I noticed that my vertical transmitting antenna often works better if I connect a horizontal wire about the same length as the antenna to ground at its base! The wire isn't connected to the transmitting side of the circuit at all! And how well it works varies depending on the length! Obviously there is some deus ex machina at work here...

Comment Re:My B.S. Detector is Going Off (Score 1) 76

Clearly you missed the bit where they invoked quantum mechanics, surely that explains away all the inaccuracies, like the fact you can already buy chip scale dielectric antennas

The thing that I really hate about Innovation Stories is that the reporter invariably doesn't understand what's going on, and invariably is easily convinced that The Obviiously Very Technical People have some very valuable invention.

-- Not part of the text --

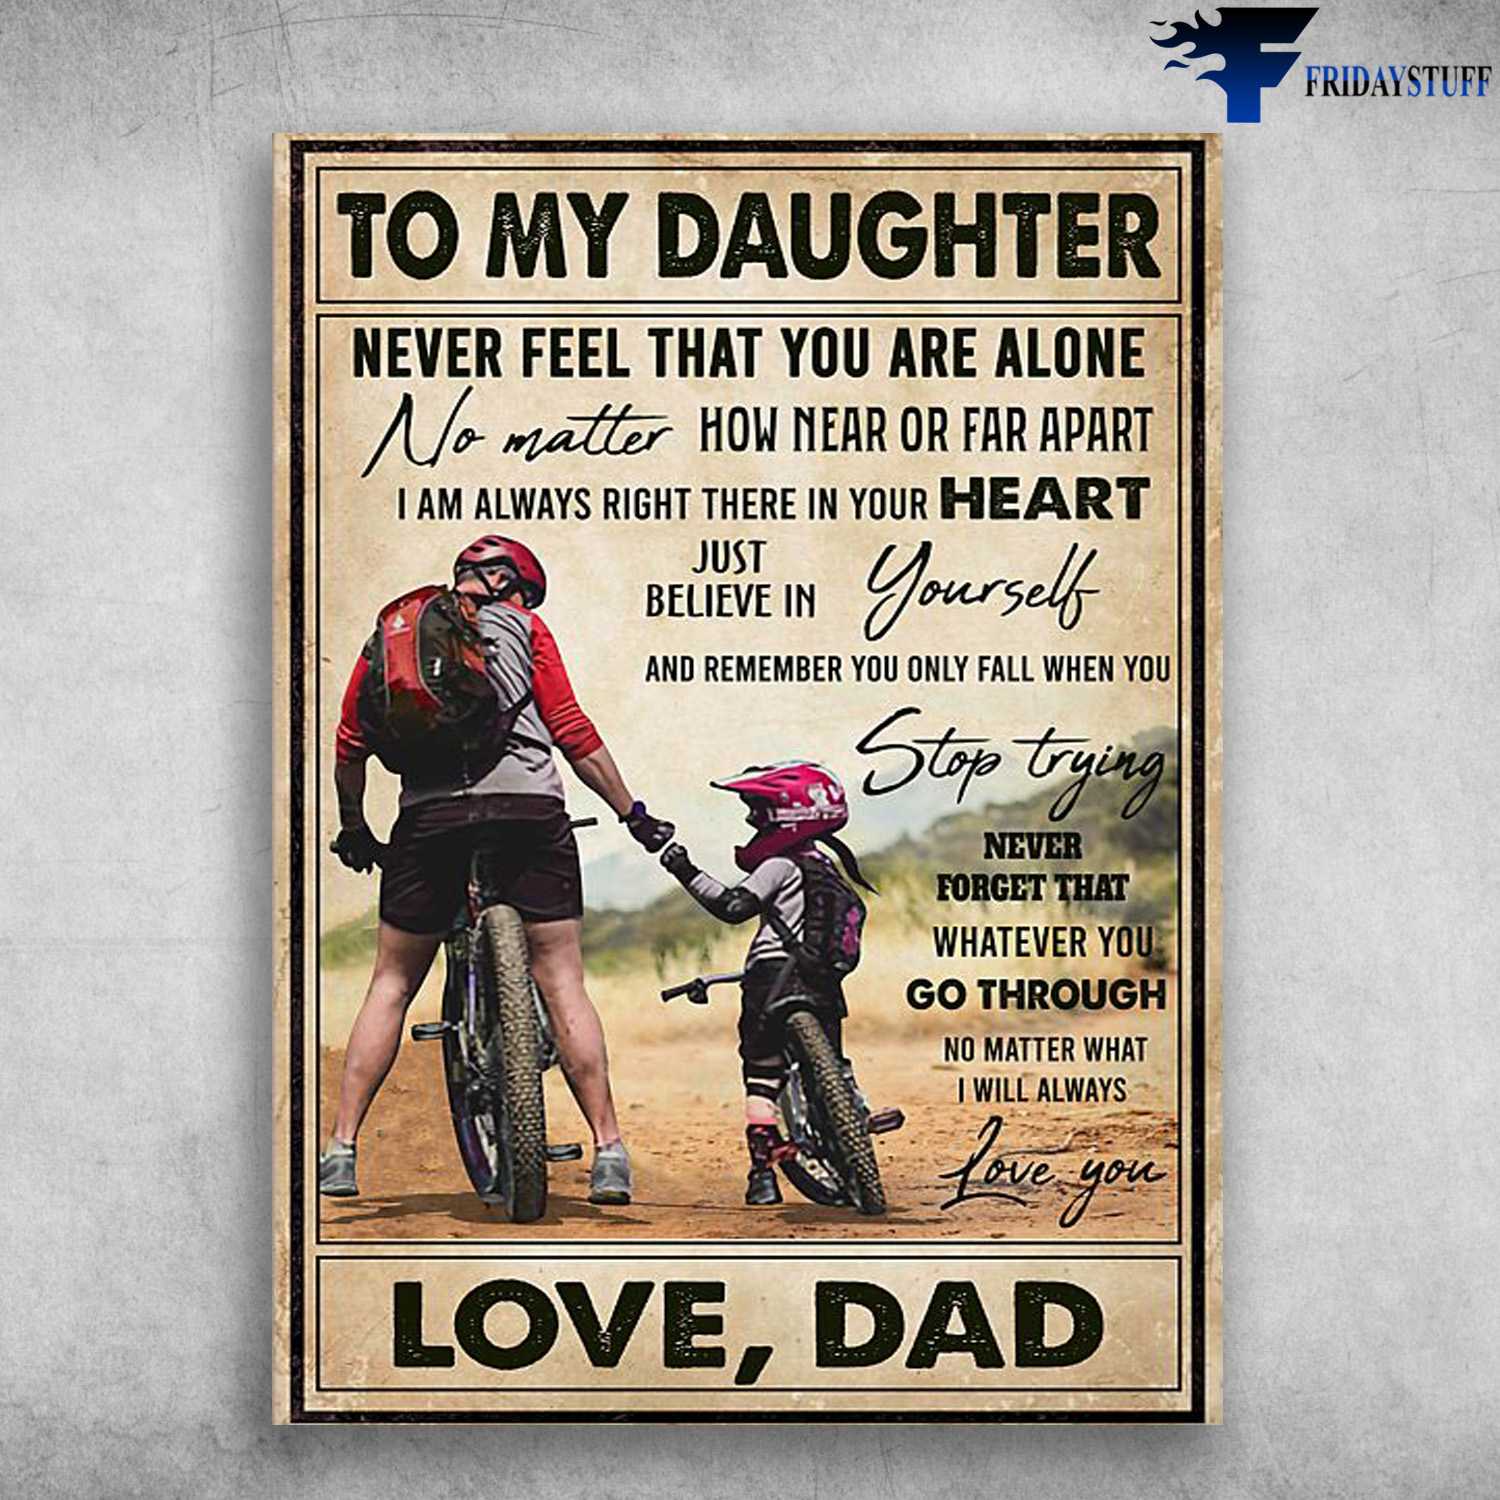 Dad And Daughter, Cycling With Daughter, To My Daughter, Never Feel That, You Are Alone, No Matter How Near Or Far Apart, I Am Always Right There Is Your Heart, Just Believe In Yourself

Comment Re:vs. a Falcon 9 (Score 1) 75

They can carry about 110kg to LEO, compared to the Falcon 9's 13150kg. That's 0.84% of the payload capacity. A launch is estimated to cost $4 900 000, compared to the Falcon 9's $61 200 000. That's 8.01%. That means cost per mass to orbit is nearly an order of magnitude worse.

Yes, this is a really small rocket. If you are a government or some other entity that needs to put something small in orbit right away, the USD$5 Million price might not deter you, even though you could potentially launch a lot of small satellites on a Falcon 9 for less.

And it's a missile affordable by most small countries, if your payload can handle the re-entry on its own. Uh-oh. :-)

Comment Re:You Can See (Score 1) 113

Microminiature accelerometers are really cheap and very very light, and you don't have to wait for them to spin up or deal with their mechanical issues. I doubt you will see a gyro used as a sensor any longer.

Similarly, computers make good active stabilization possible and steering your engine to stabilize is a lot lighter than having to add a big rotating mass.